Miriam DeCosta-Willis
Civil rights activist, educator, and author Miriam DeCosta-Willis has spent a lifetime working for change. Active in the local movement and denied entrance to then-Memphis State University graduate school due to her race, she later returned to become the first African-American faculty member at the university. She left Memphis to continue her career in higher education but remained an activist wherever she was and wrote or edited many books on the black experience and diaspora. Her works include Daughters of the Diaspora: Afra-Hispanic Writers, Notable Black Memphians, and Singular Like a Bird.
DeCosta-Willis has steadfastly worked to advance the cause of civil rights. She understands what it means to break racial and gender barriers and defy the odds and embodies much of what the Women’s and Civil Rights Movements hoped to accomplish in the last half of the twentieth century.

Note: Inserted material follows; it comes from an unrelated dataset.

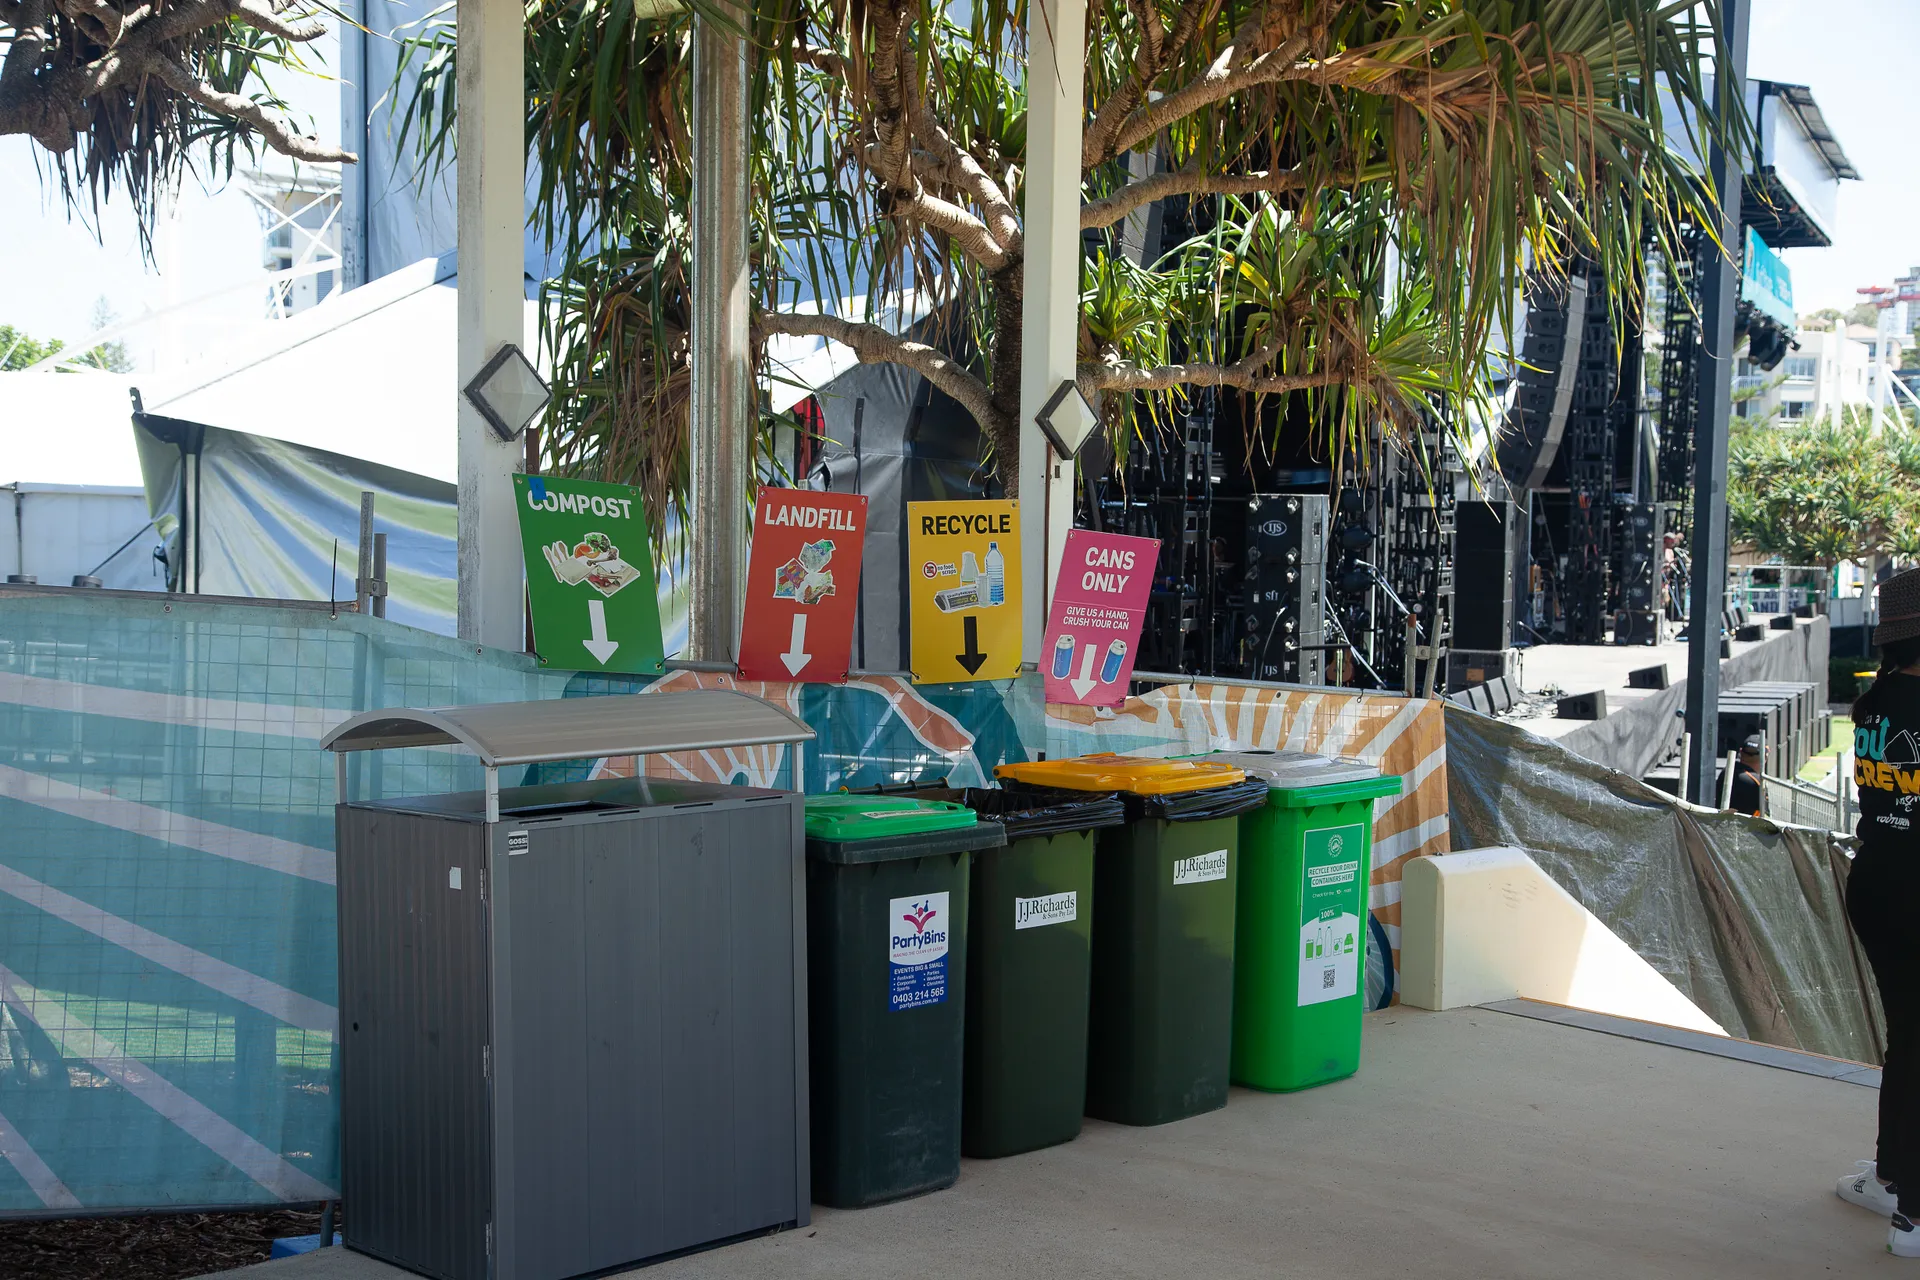 Bright and clear bin signage to assist with waste sorting and recycling

DeCosta-Willis organized her first protest while a high school junior in Orangeburg, South Carolina. That same year, she integrated into the prestigious, all-white Westover School for girls, in Connecticut. There, she graduated at the top of her class. In 1952, she attended Wellesley before marriage brought her to Memphis. After being denied admission to Memphis State, she applied to the Johns Hopkins program in 1959 under her married name, Sugarmon, and was accepted because the school thought she was Jewish. She completed a master’s and later became the first African American to earn a Ph.D. there.

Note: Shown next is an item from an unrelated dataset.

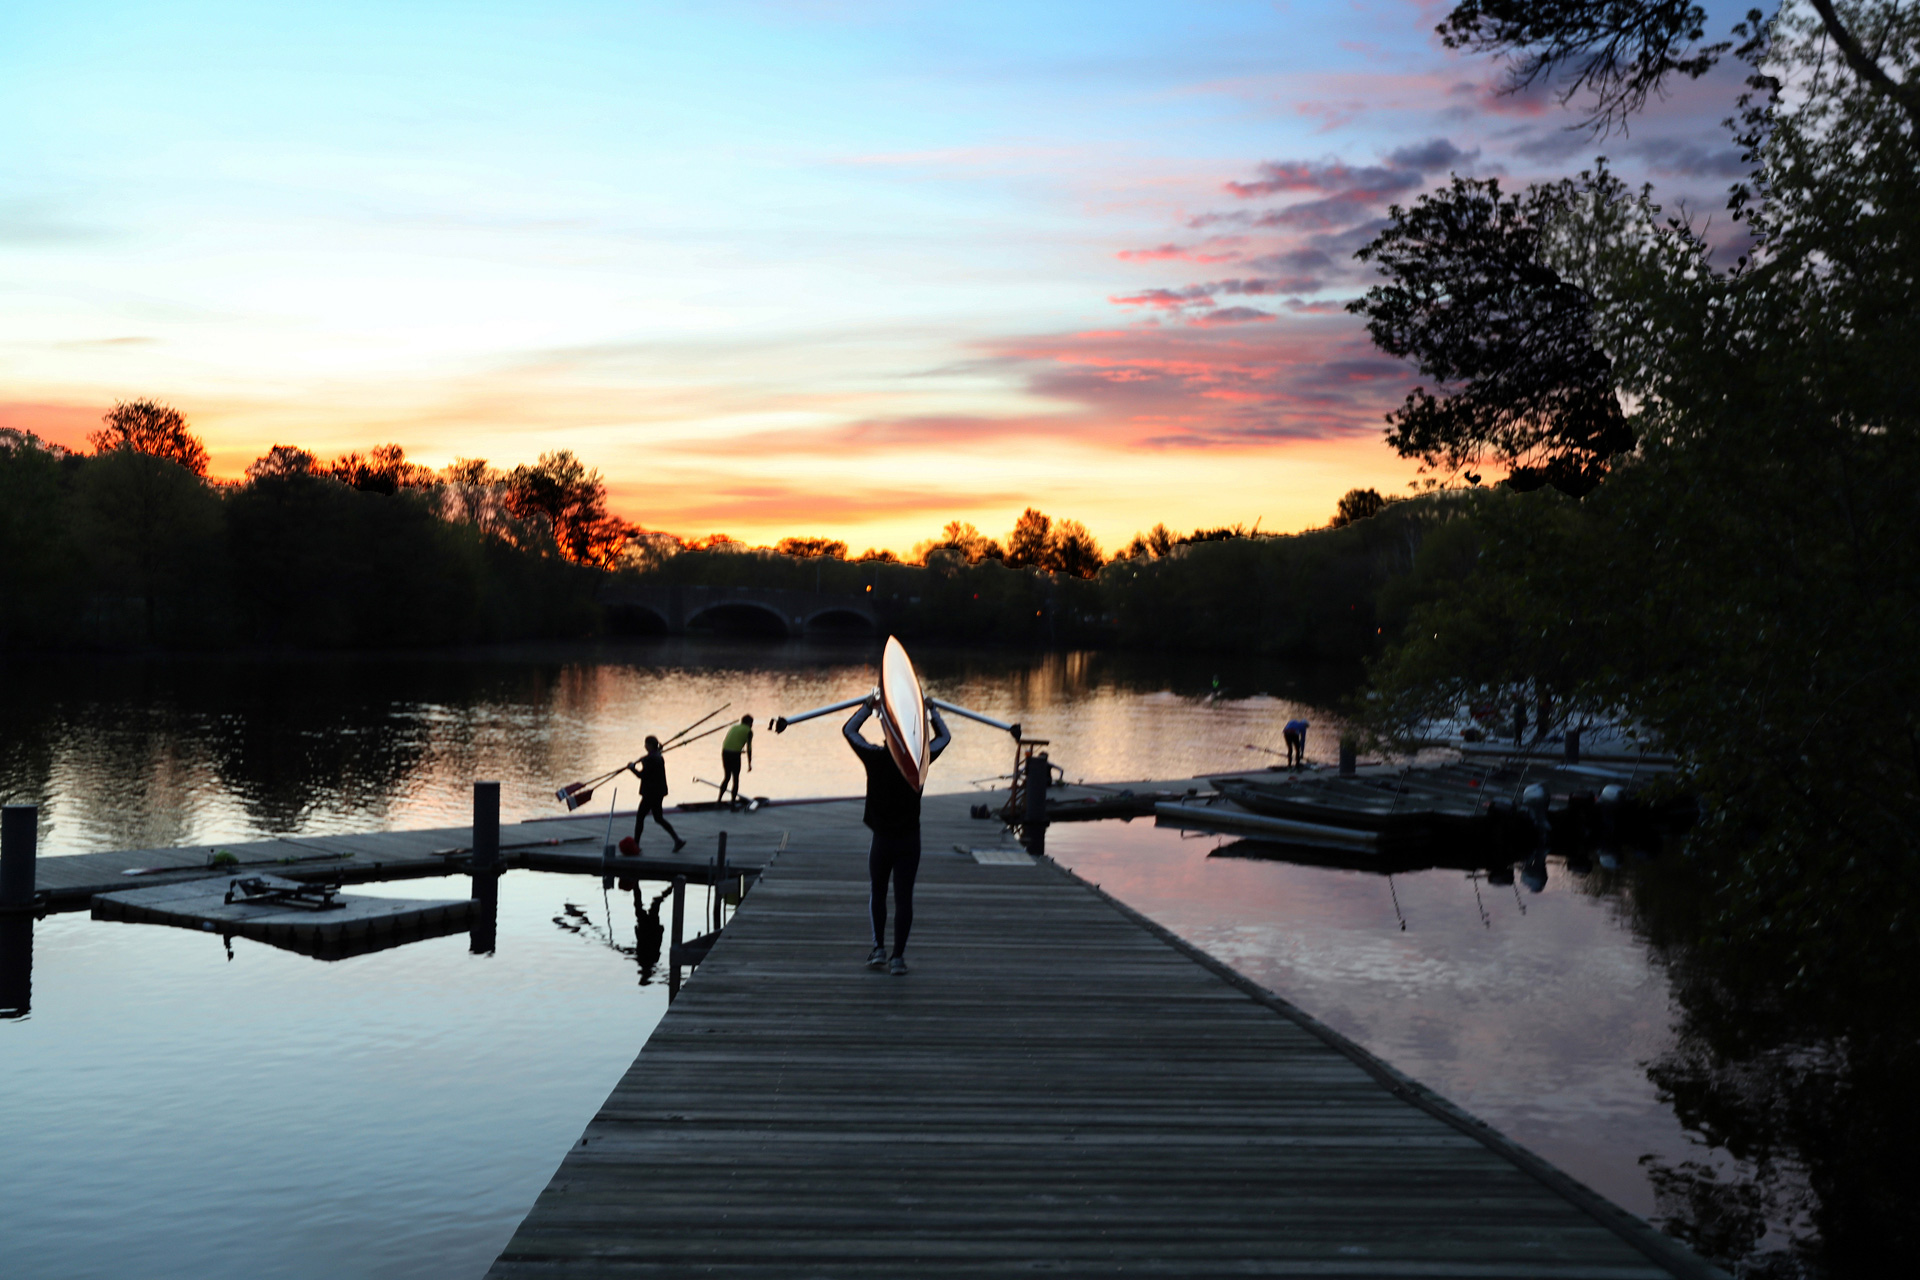 A rower heads down the dock for an early morning rowing session.

Over the years, in addition to Memphis State, DeCosta-Willis has taught or served in administrative positions at Howard University, LeMoyne-Owen College, George Mason University, and the University of Maryland. Now retired, she continues to write.
VISION
For a woman whose sensitivity to women's needs led her to tremendous achievements for women.
Cherisse Scott
The deception she faced at a crisis pregnancy center as a young, pregnant, African-American woman in Chicago pushed Cherisse Scott to devote her career to reproductive justice, particularly for women and girls of color, poor women, rural women, and their families. She founded SisterReach in Memphis in 2011 to provide information that lets women and girls make informed decisions about their bodies and reproductive power and to advocate for preservation of reproductive rights.

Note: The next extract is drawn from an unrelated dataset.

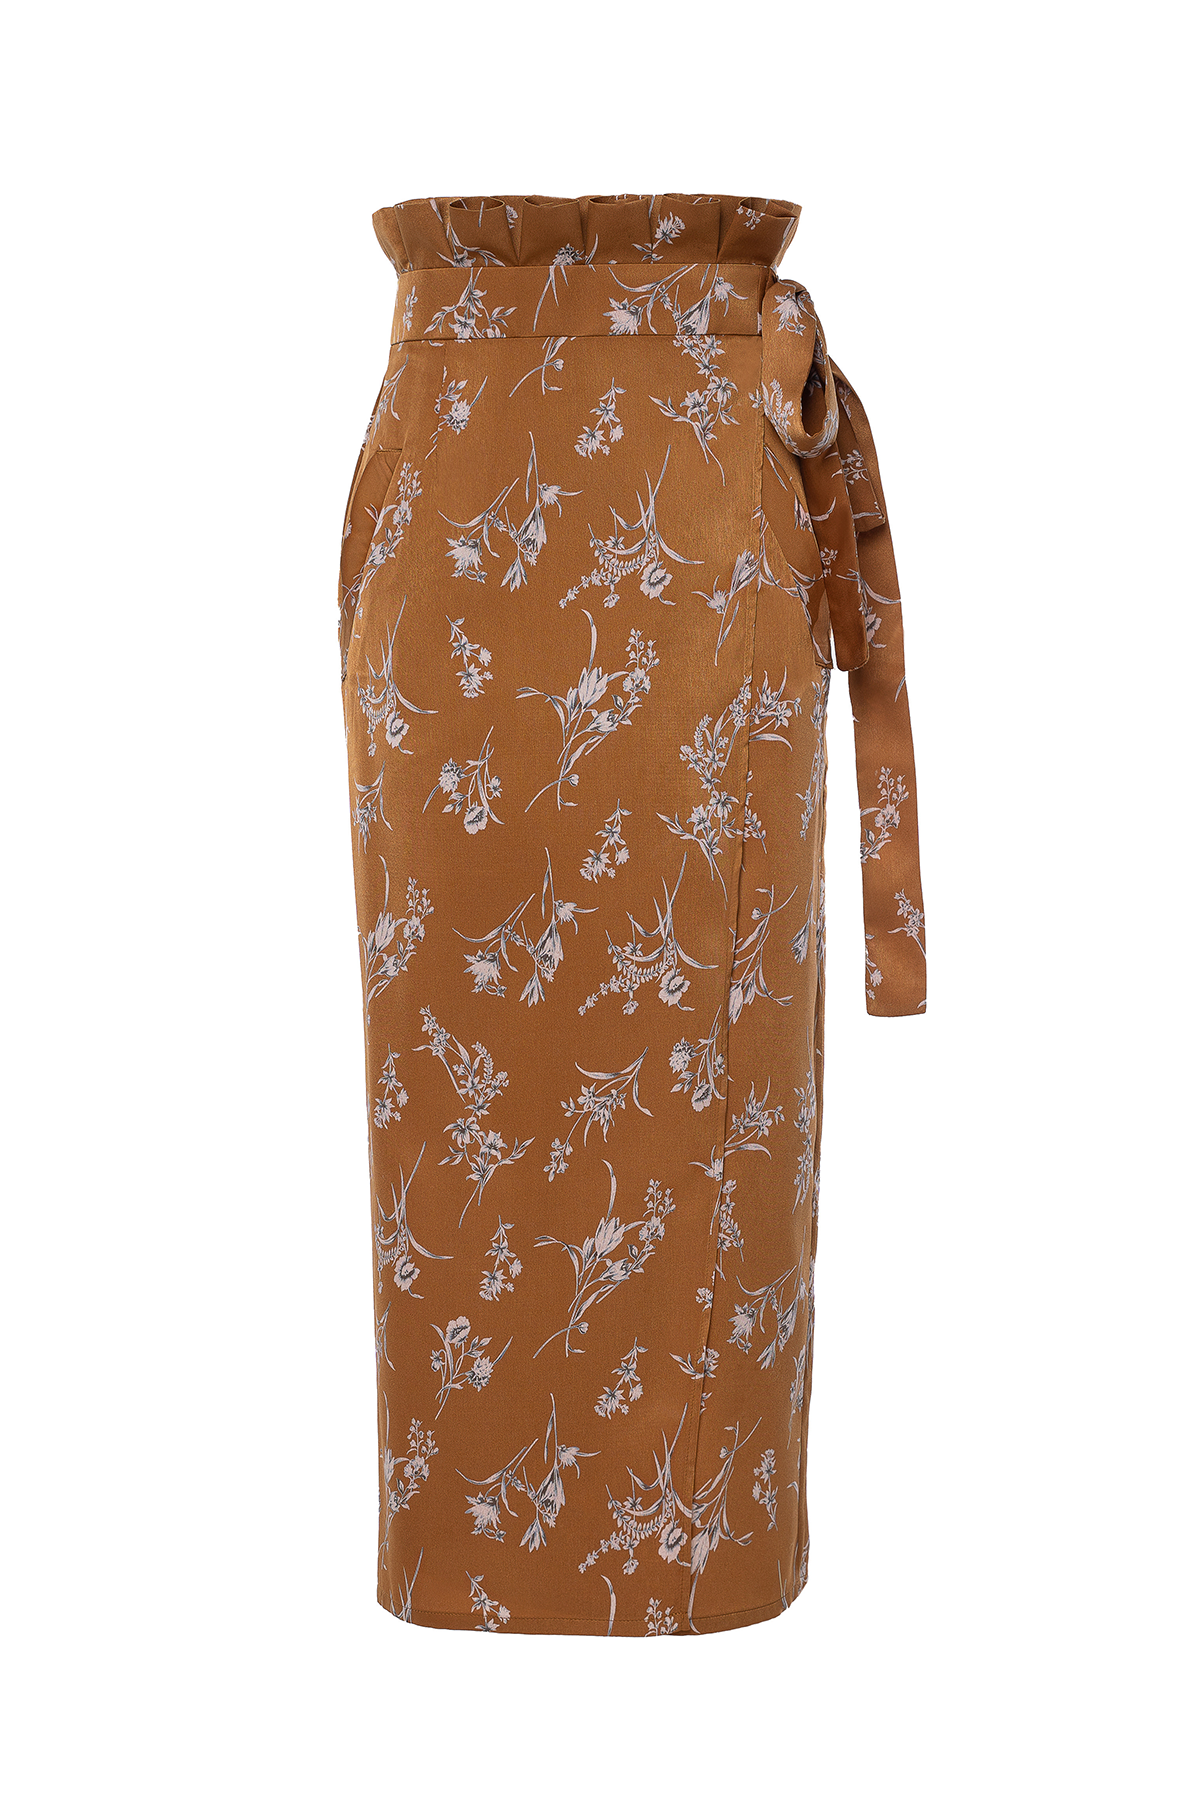 Brown Wrap Skirt with Floral Pattern

Scott has worked in the reproductive justice movement for more than 10 years. She understands the need for social support to aid in making informed decisions about reproductive health. She also knows how life changes positively when a woman is empowered with access and information about her reproductive and sexual health. Scott’s organization, SisterReach, is currently the only reproductive justice organization in the state of Tennessee.
Recent accomplishments under her leadership include releasing a 2015 report on the need for comprehensive sexuality education for Southern youth of color, a pro-woman billboard campaign in opposition to anti-abortion billboards erected in Memphis targeting black men, the roll-out of a state and nationally based clergy cohort partnering with and training faith leaders on social justice issues, and Scott’s own presentation to the United Nations Working Group on the issue of discrimination against Women in Law and Practice regarding the impact of the fetal assault law on Tennessee women. SisterReach’s work, along with state and national partners, on the fetal assault law led to a victory of defeating HB 1660, which criminalized mothers struggling with drug addiction.